Extracted information section start

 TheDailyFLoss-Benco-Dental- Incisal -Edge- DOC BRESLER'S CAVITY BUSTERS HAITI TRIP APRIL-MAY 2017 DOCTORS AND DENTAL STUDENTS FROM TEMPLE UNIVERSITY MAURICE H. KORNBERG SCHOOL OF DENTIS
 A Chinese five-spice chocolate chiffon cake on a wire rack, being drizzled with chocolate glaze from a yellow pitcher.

Extracted information section end
Extracted information section start

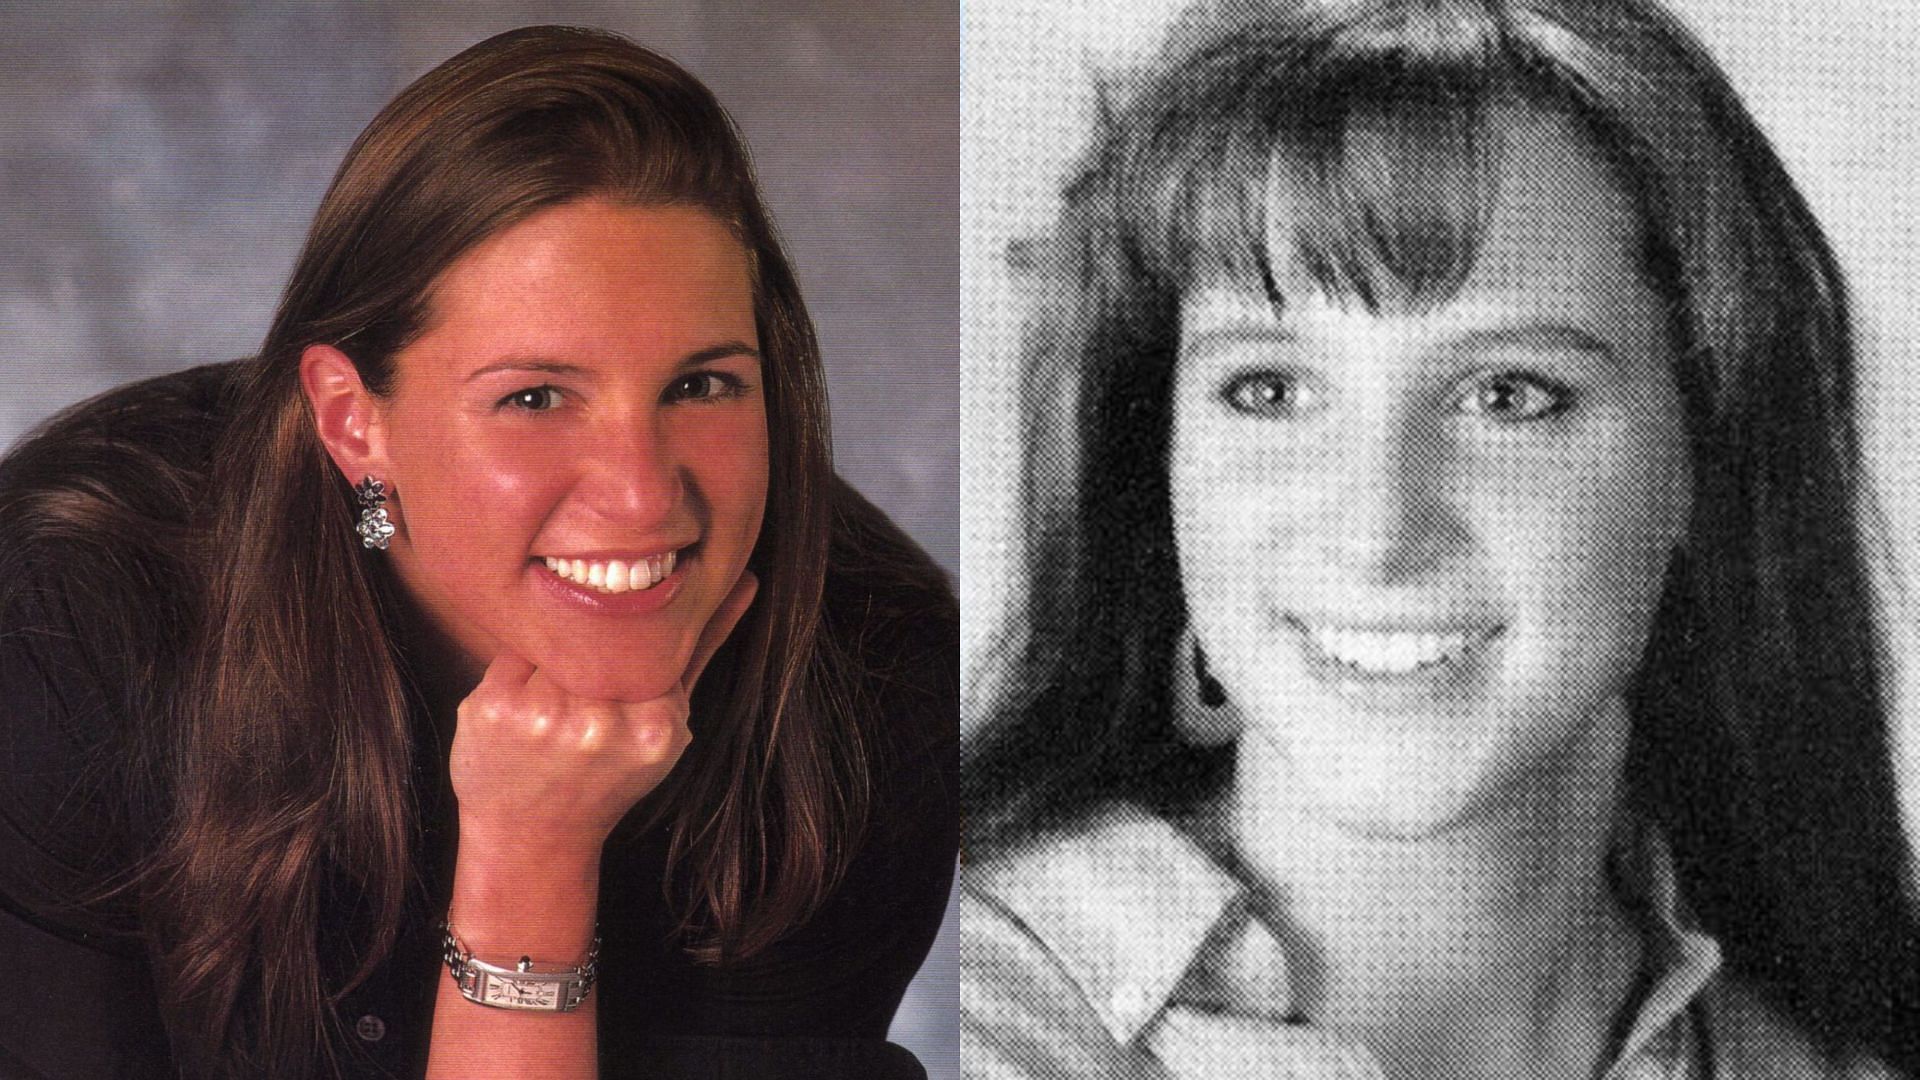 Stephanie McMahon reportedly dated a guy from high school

Extracted information section end
Extracted information section start

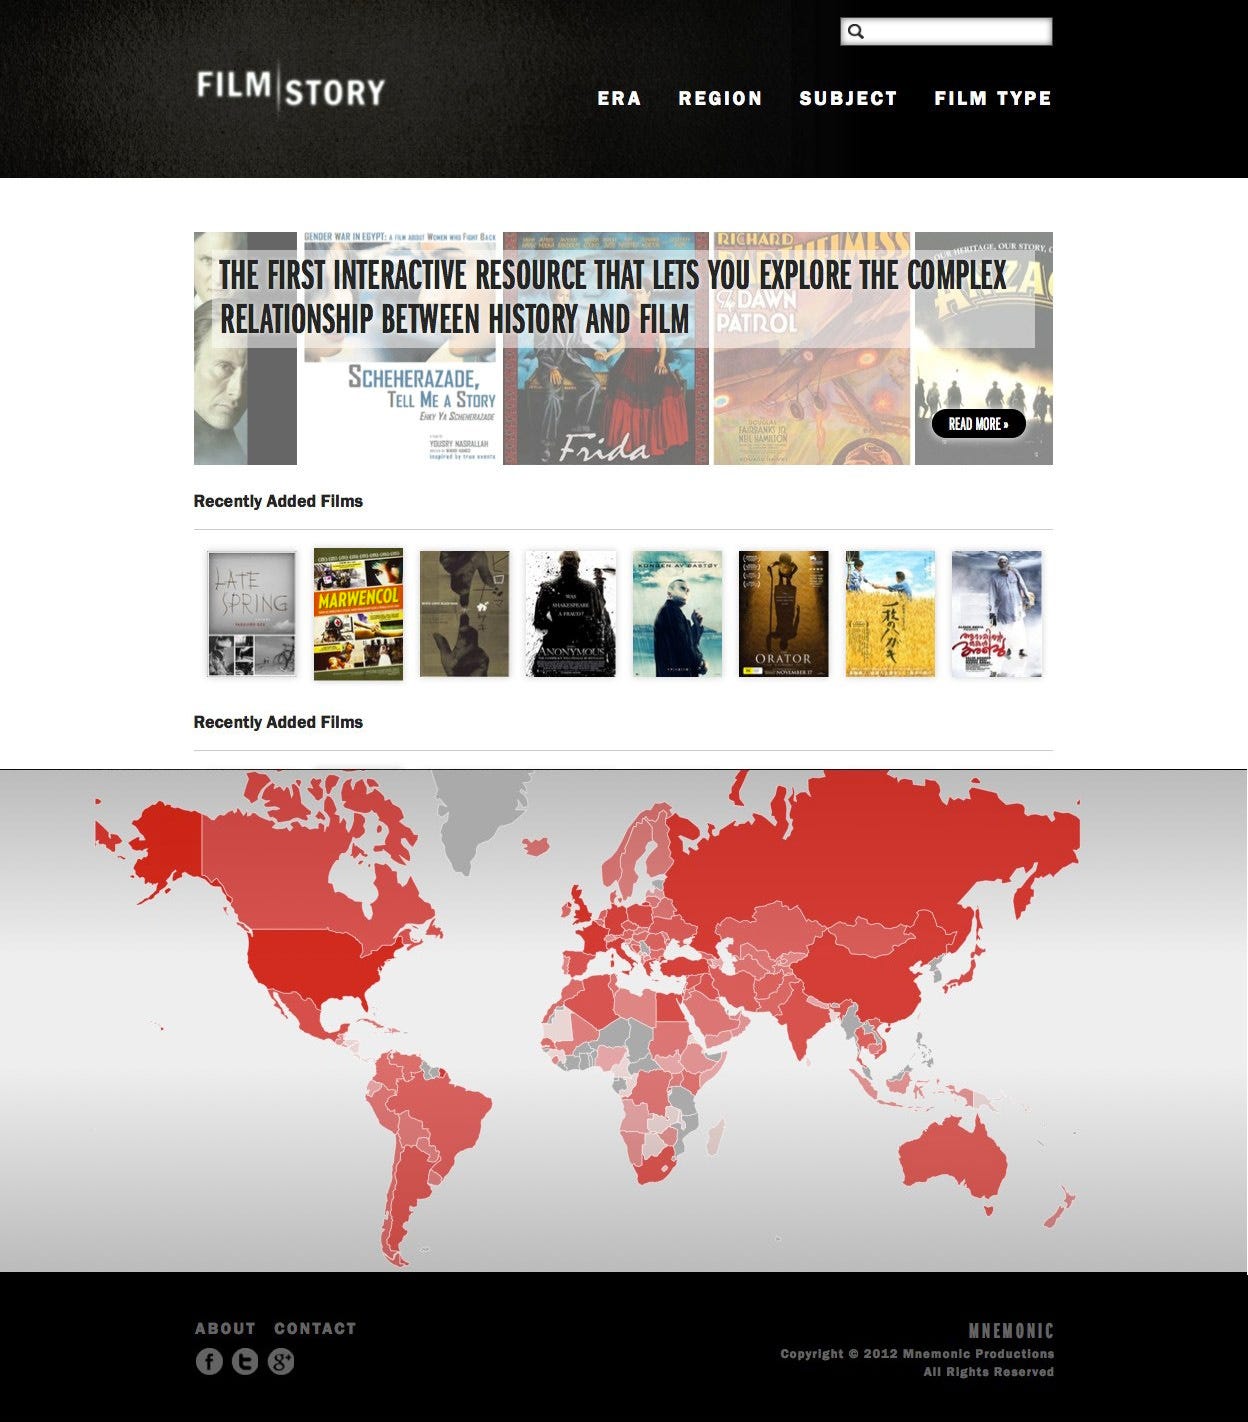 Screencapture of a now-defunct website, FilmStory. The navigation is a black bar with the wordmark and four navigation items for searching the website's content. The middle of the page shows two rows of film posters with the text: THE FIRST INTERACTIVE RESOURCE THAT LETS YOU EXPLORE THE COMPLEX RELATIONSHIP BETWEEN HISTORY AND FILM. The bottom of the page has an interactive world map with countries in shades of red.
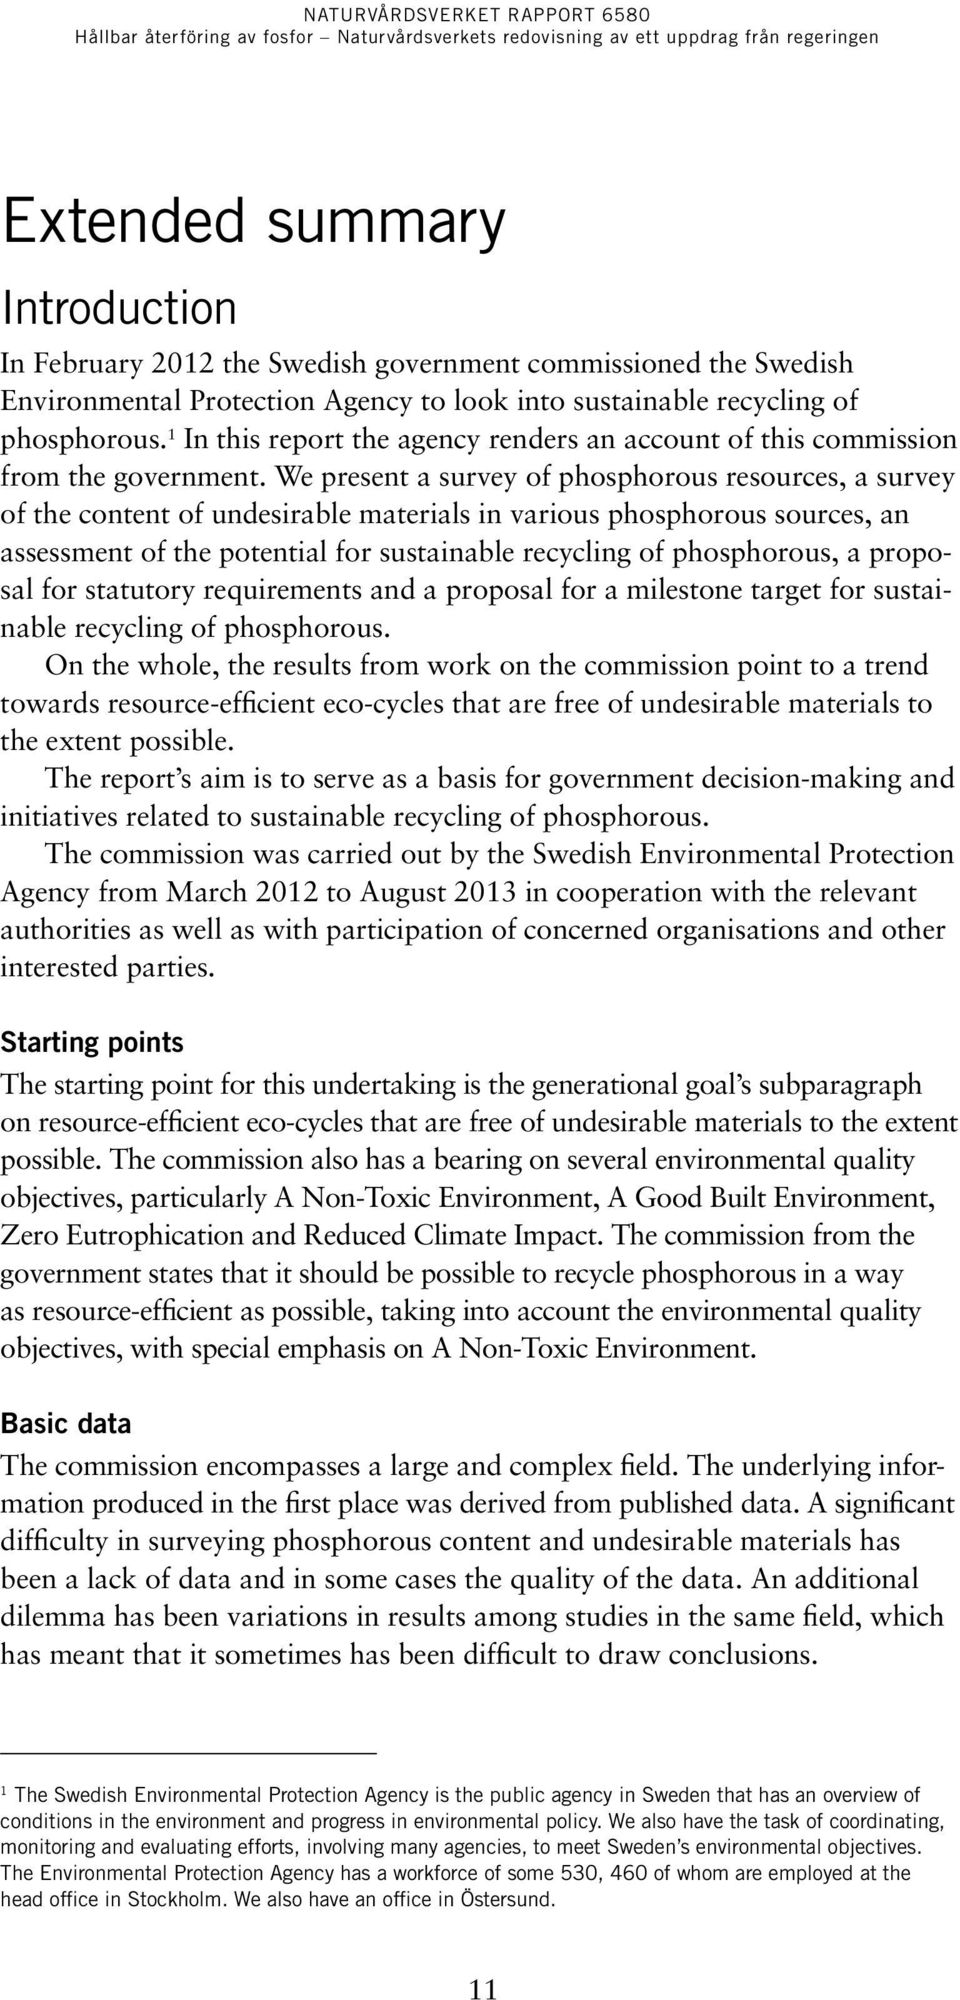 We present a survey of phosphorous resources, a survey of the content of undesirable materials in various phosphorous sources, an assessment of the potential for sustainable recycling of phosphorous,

Extracted information section end

◆ **Activity**
Retype exactly, and only, the lines above from the one where "TheDailyFLoss-Benco-Dental- Incisal -Edge- DOC" occurs up to and including the one where "A Chinese five-spice" occurs.

◆ **Answer area**
 TheDailyFLoss-Benco-Dental- Incisal -Edge- DOC BRESLER'S CAVITY BUSTERS HAITI TRIP APRIL-MAY 2017 DOCTORS AND DENTAL STUDENTS FROM TEMPLE UNIVERSITY MAURICE H. KORNBERG SCHOOL OF DENTIS
 A Chinese five-spice chocolate chiffon cake on a wire rack, being drizzled with chocolate glaze from a yellow pitcher.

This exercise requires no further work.